Control Plane with Master nodes

Control plane with the help of master nodes, manages the state of a k8s cluster.
It is not recommended to run user applications on master nodes.

Worker nodes

Worker nodes run user/client applications.

Master Nodes

In a K8s cluster, control plane with master nodes manages the worker nodes, and the overall cluster.
Let’s see what is inside the control plane.

Components

1) API Server(kube-apiserver)

API server is the face of a K8s cluster. It exposes a set of APIs that are used by all the components.

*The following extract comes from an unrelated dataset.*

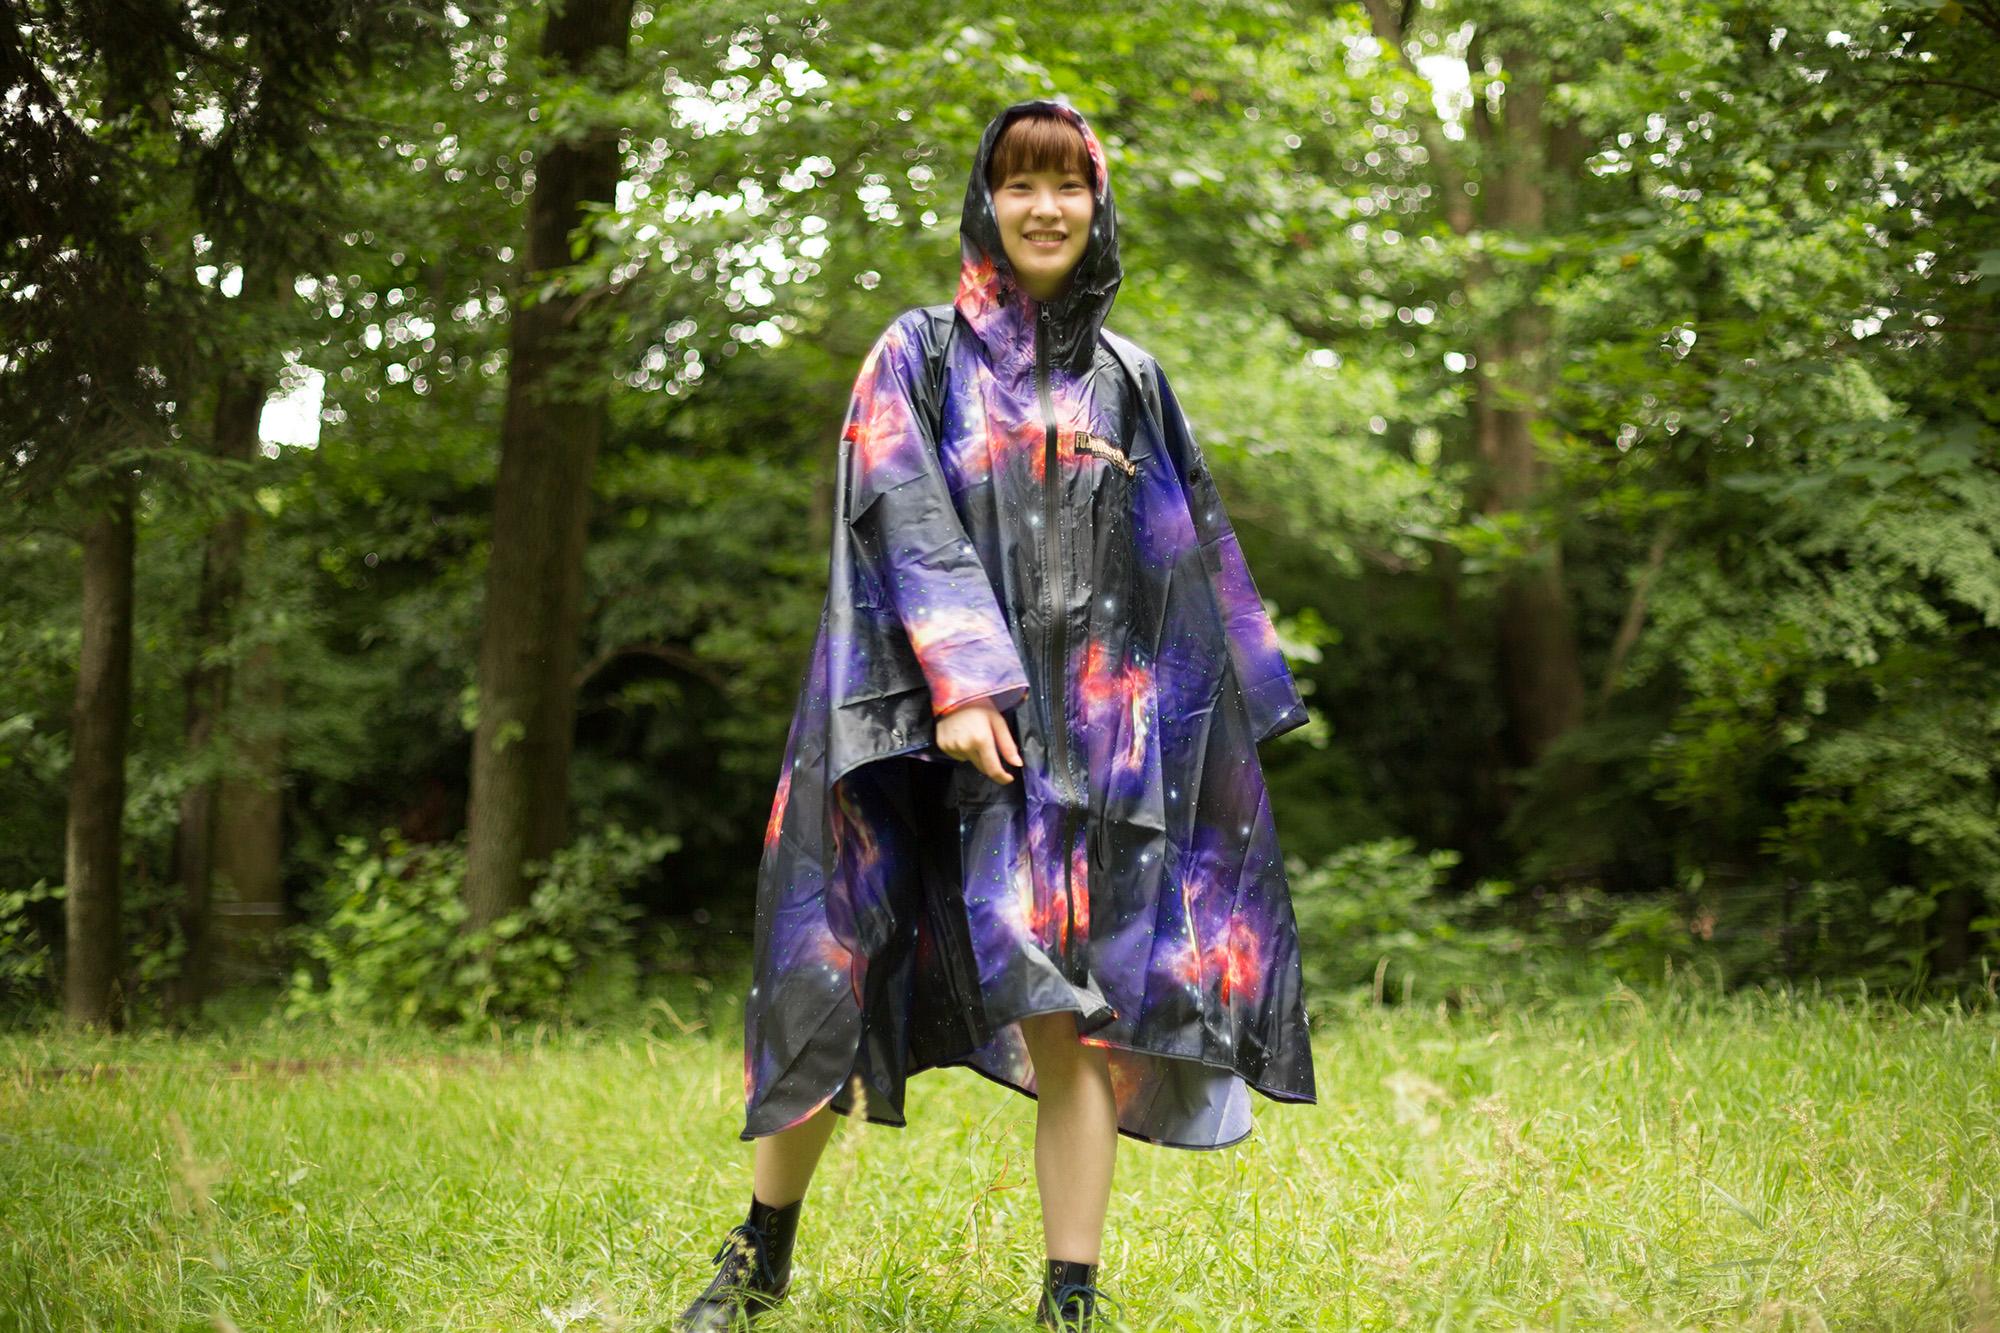 【フェスファッション】フジロックにも着ていきたい!2016年、夏フェスコーデ R7A3663

All the components talk to each other via API.
The main implementation of a Kubernetes API server is kube-apiserver which is designed to scale horizontally.

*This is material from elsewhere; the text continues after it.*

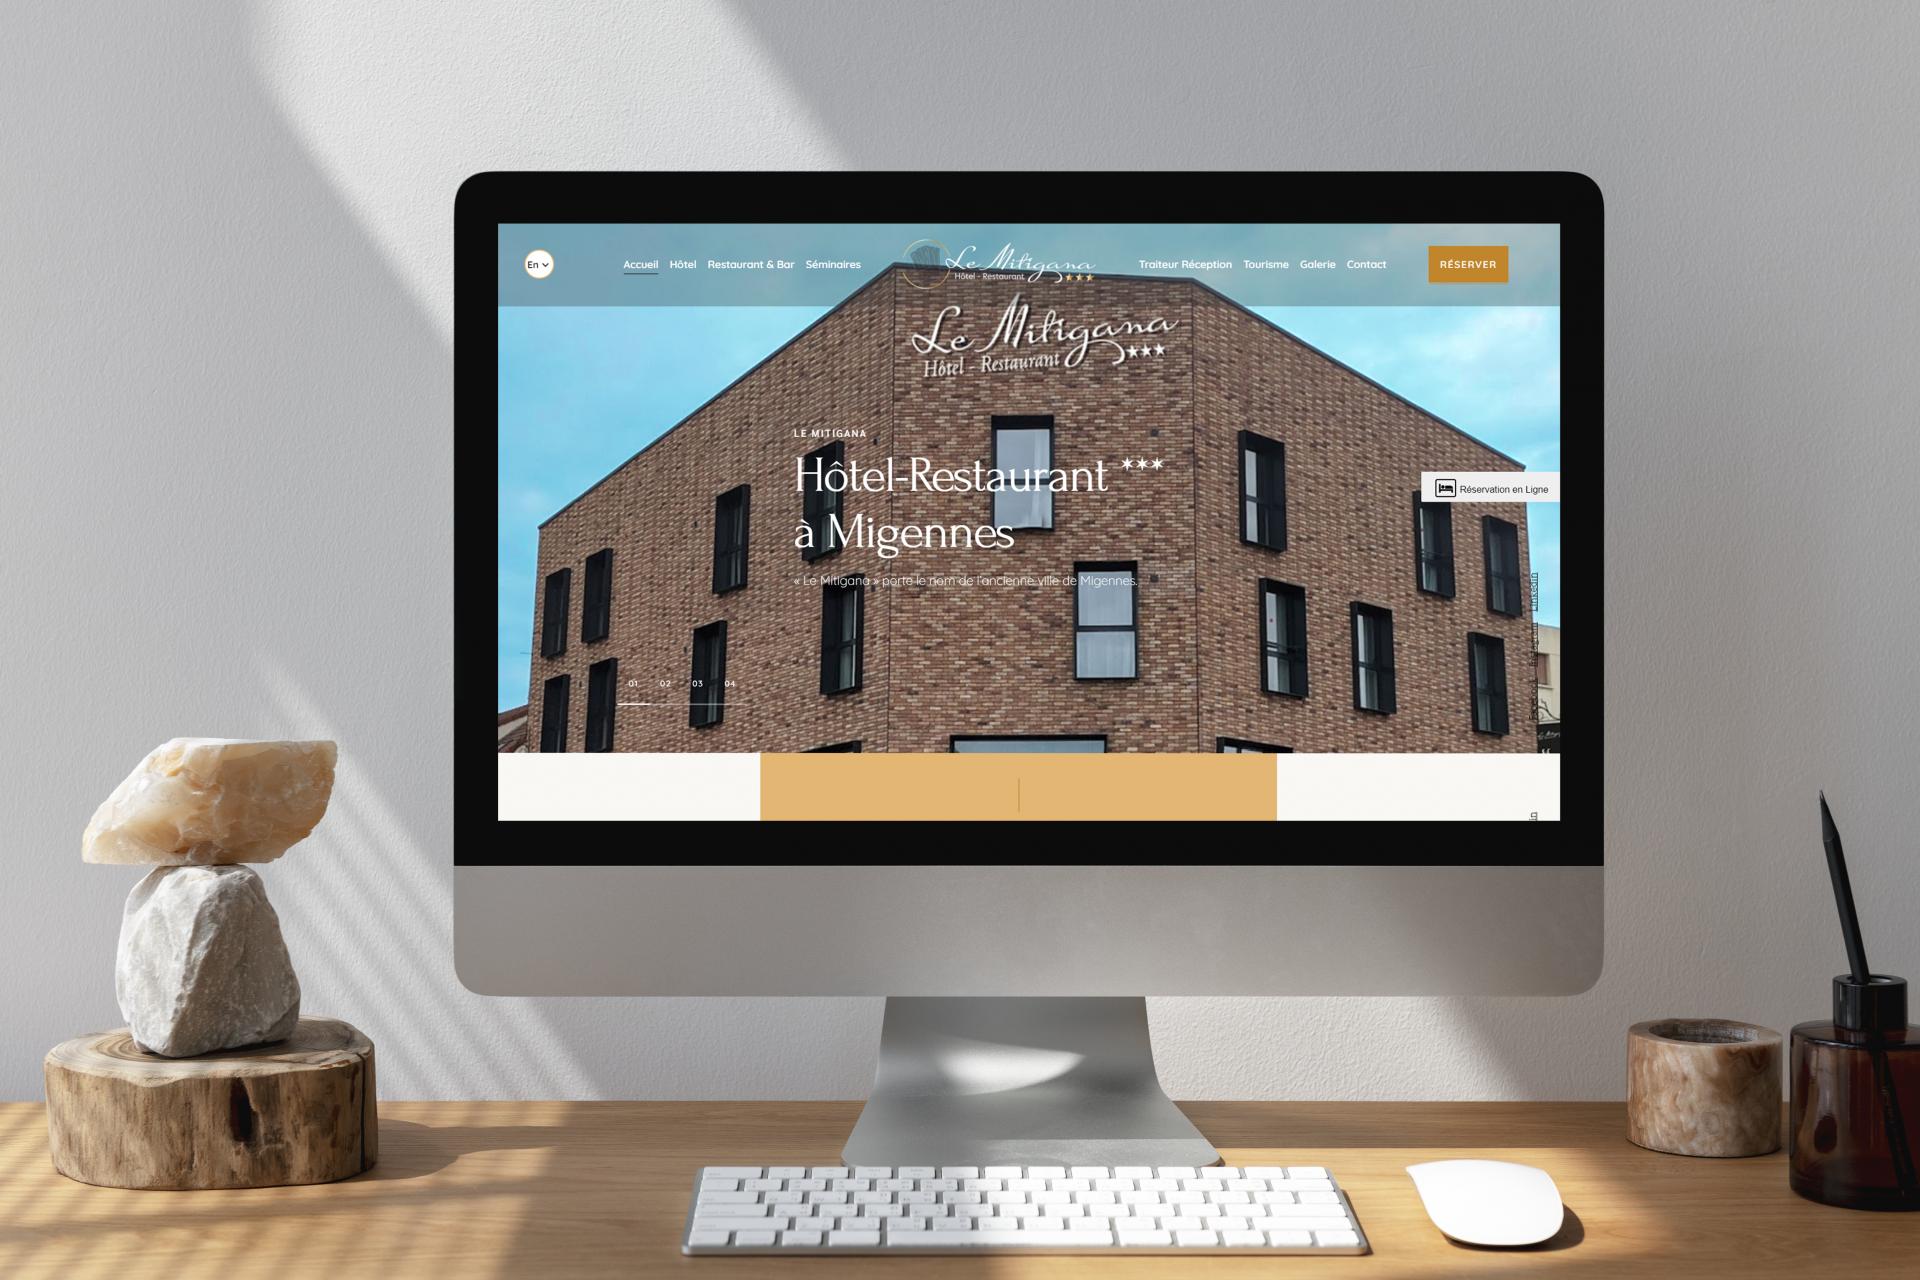 Création du site internet de l'Hôtel Restaurant – Le Mitigana

2) Scheduler(kube-scheduler)

It watches for the new tasks(newly created pods) submitted to K8s cluster, and selects a worker node that can run those pods.
To select a worker node, it considers the health of worker nodes, their load, affinity rules, any other software or hardware requirements.

3) Cluster store(etcd)

K8s uses etcd to store config and state of the cluster. etcd is strongly consistent and reliable distributed key-value store. Please note that the etcd is not used to store data of containers or user applications, it’s only for cluster state.

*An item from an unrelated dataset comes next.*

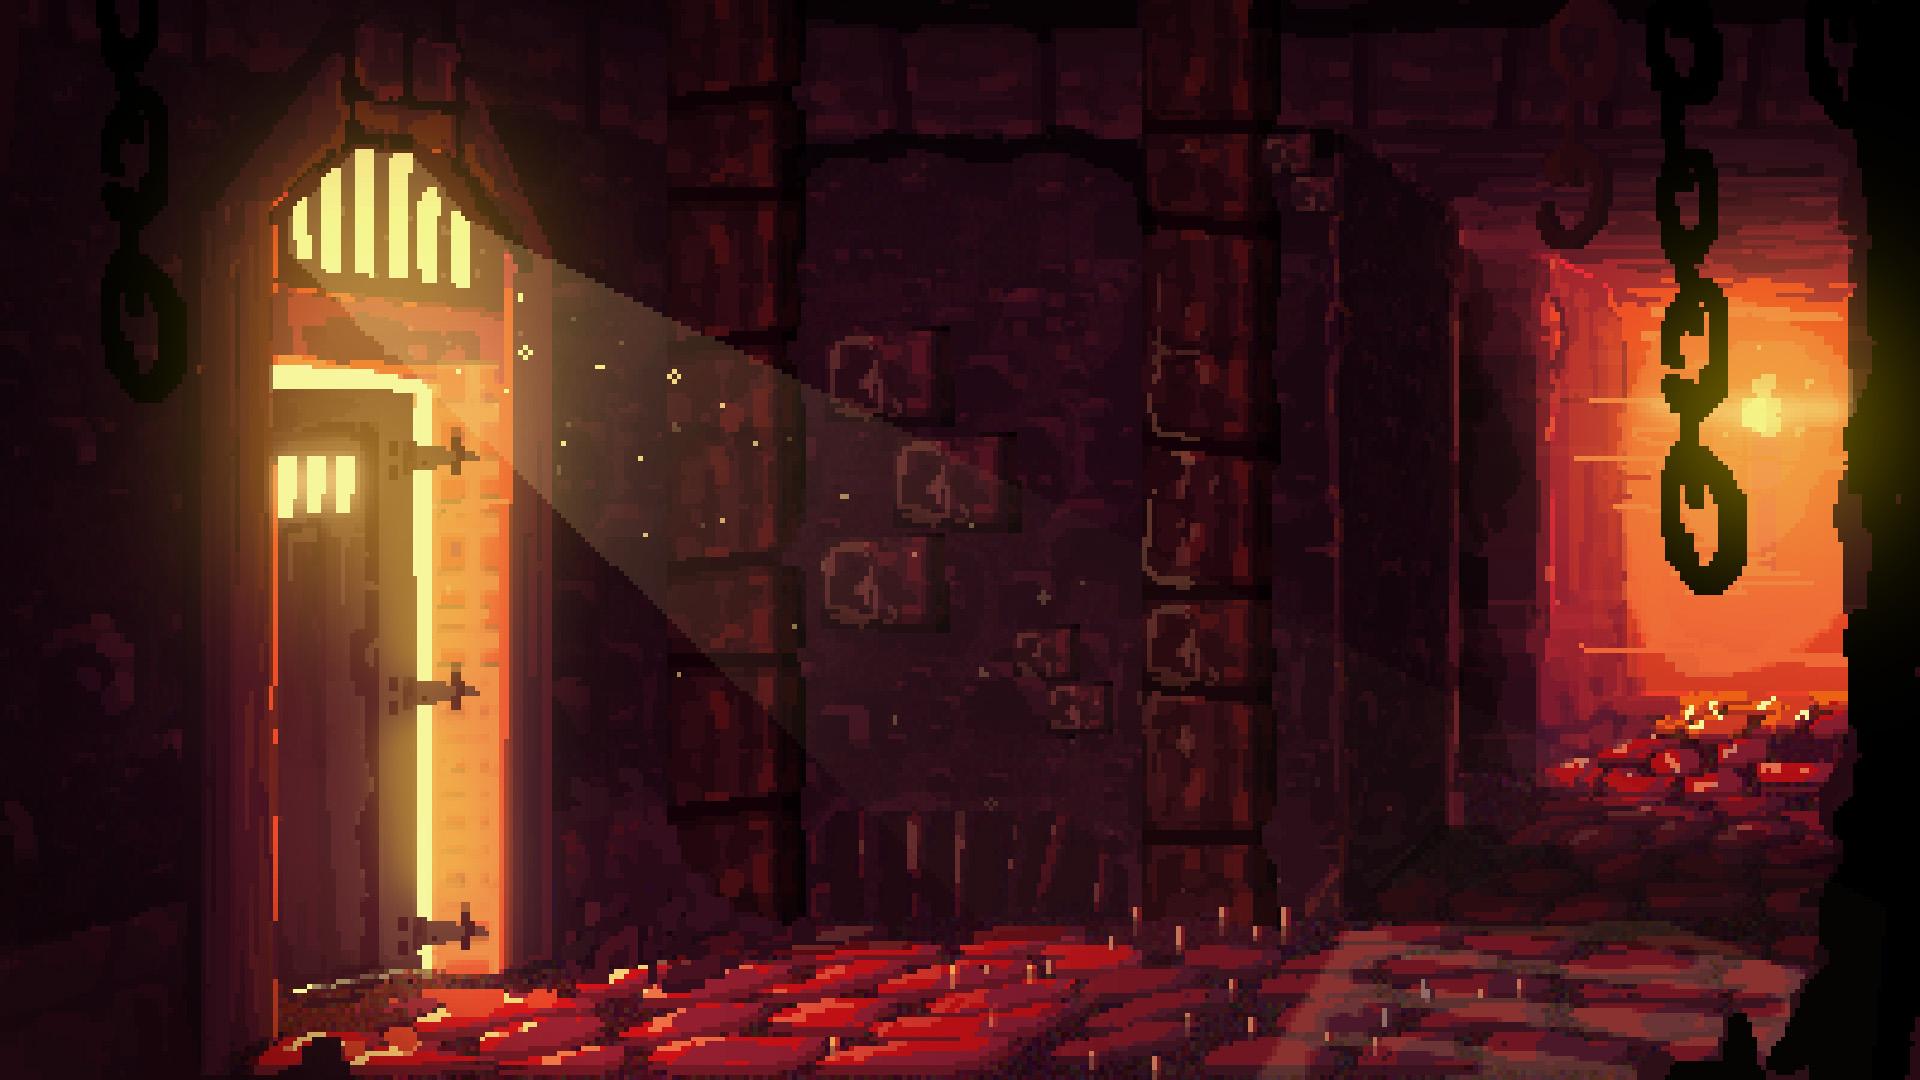 Pixel prison Wallpaper from Hammerwatch gamepressurecom 1920x1080

4) Controller manager(kube-controller-manager)

It manages and runs controllers, and responds to various events.
A controller’s main job is to monitor the shared state of the cluster and make every possible change to achieve the desired state if the current state is not the desired state, more on this later.

5) Cloud controller(cloud-controller-manager)

This is specific to the cloud on which a K8s cluster is running. If you’re not running K8s on a cloud, there will be no cloud controller manager.
From Kubernetes docs — the cloud controller manager lets you link your cluster into your cloud provider’s API, and separates out the components that interact with that cloud platform from components that only interact with your cluster.

Concept of Desired state and Current State

When we on-board a workload/app on k8s, we tell k8s what’s our expectations eg. We need 3 containers always up and running.

So, this becomes the desired state of our cluster. Generally, it is part of the different payloads like your Pod deployment config in which you may define the number of replicas.

K8s continuously monitors the current state of the system, and if there’s a different between desired and current state, it tries to achieve the expected state — it scales up/down automatically, restarts/terminates containers automatically, etc.

So, let’s say, we started with 3 replicas of our container.

Desired state = 3 replicas

After time T, one replica crashed.

Current state = 2 replicas
K8s controller manager noticed this event and found out that current state is no longer same as desired state.
K8s will take corrective actions and launch a new replica to match the desired state of 3 replicas.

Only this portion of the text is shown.